Prices to Visit Disneyland Increase Again. The Biggest Hit for Local Southern California Visitors to the Park, However, Quietly Happened 4 Months Ago

Jun 4, 2013  •  Post A Comment

"Like magjc, the price to enter Disneyland just went up," reads a headline in the Los Angeles Times.

The story continues, "It just got more expensive to visit the Happiest Place on Earth. Again. Walt Disney Co. raised entry prices to its theme parks in California and Florida, effective Sunday.

"A single-day ticket to either Disneyland Park or Disney California Adventure Park in Anaheim for visitors 10 or older now costs $92, up from $87 — a jump of nearly 6%.The cost of the day pass has risen 28% since early 2010, when it was $72. Prices were previously raised in August 2010, June 2011 and May 2012."

For local Southern Californians, it means more bad news for their pocketbooks as far as Disneyland is concerned.

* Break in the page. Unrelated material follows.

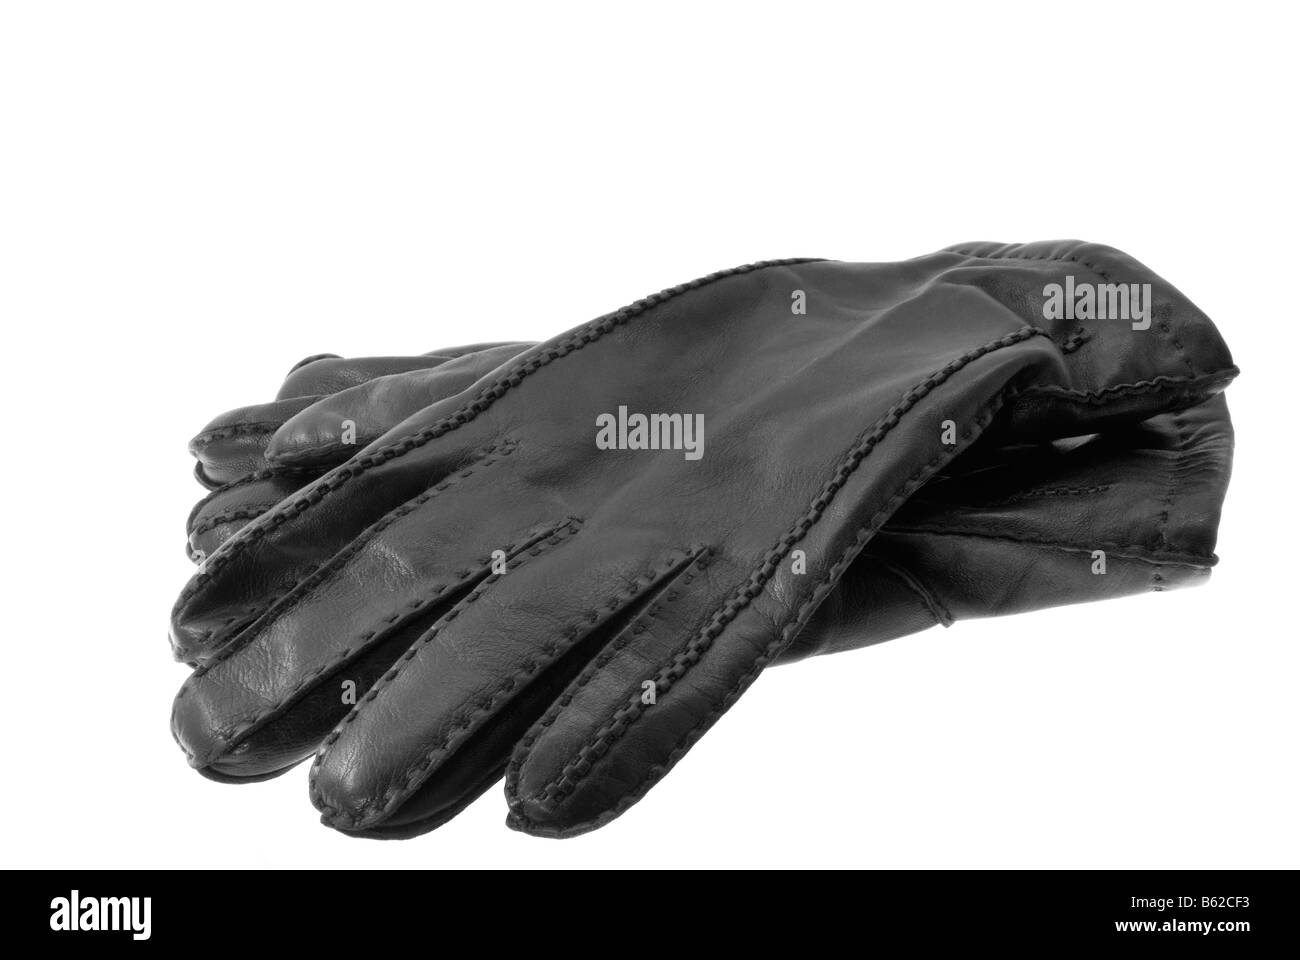 Black leather gloves Black and White Stock Photos & Images - Alamy

In February, the Orange County Register reported that Disneyland and its next-door sister park in Anaheim, California Adventure, had canceled its special pricing deals for folks living in Southern California that had been going on for the last decade: "Disney sold 2-for-1 tickets or similar deals to local residents from 2003 through last year as a way to bring in visitors during the slower season, usually January through May. But higher attendance, bolstered by last year’s Cars Land improvements, prompted this year’s cancellation." 

The article in the Los Angeles Times about the latest price increases says: "The price of a ticket for a child age 3 to 9 increased to $86 from $81. And the price of parking at the Anaheim property is now $16, an uptick of $1.

"The prices of annual tickets went up too. The Deluxe Annual Passport, which allows admission to both Anaheim parks 315 days of the year, now costs $499 — up from $469. The Premium Annual Passport, which has no blackout dates, now costs $669, an increase of $20."

However, the story also notes, "Disney is offering discounts of up to $40 to annual passholders who renew before their tickets expire. In some cases, the discounts offset the price hikes."

One Comment

  1. What on Earth does this have to do with television? Not the first time the editor wandered away from the topic of the news feed!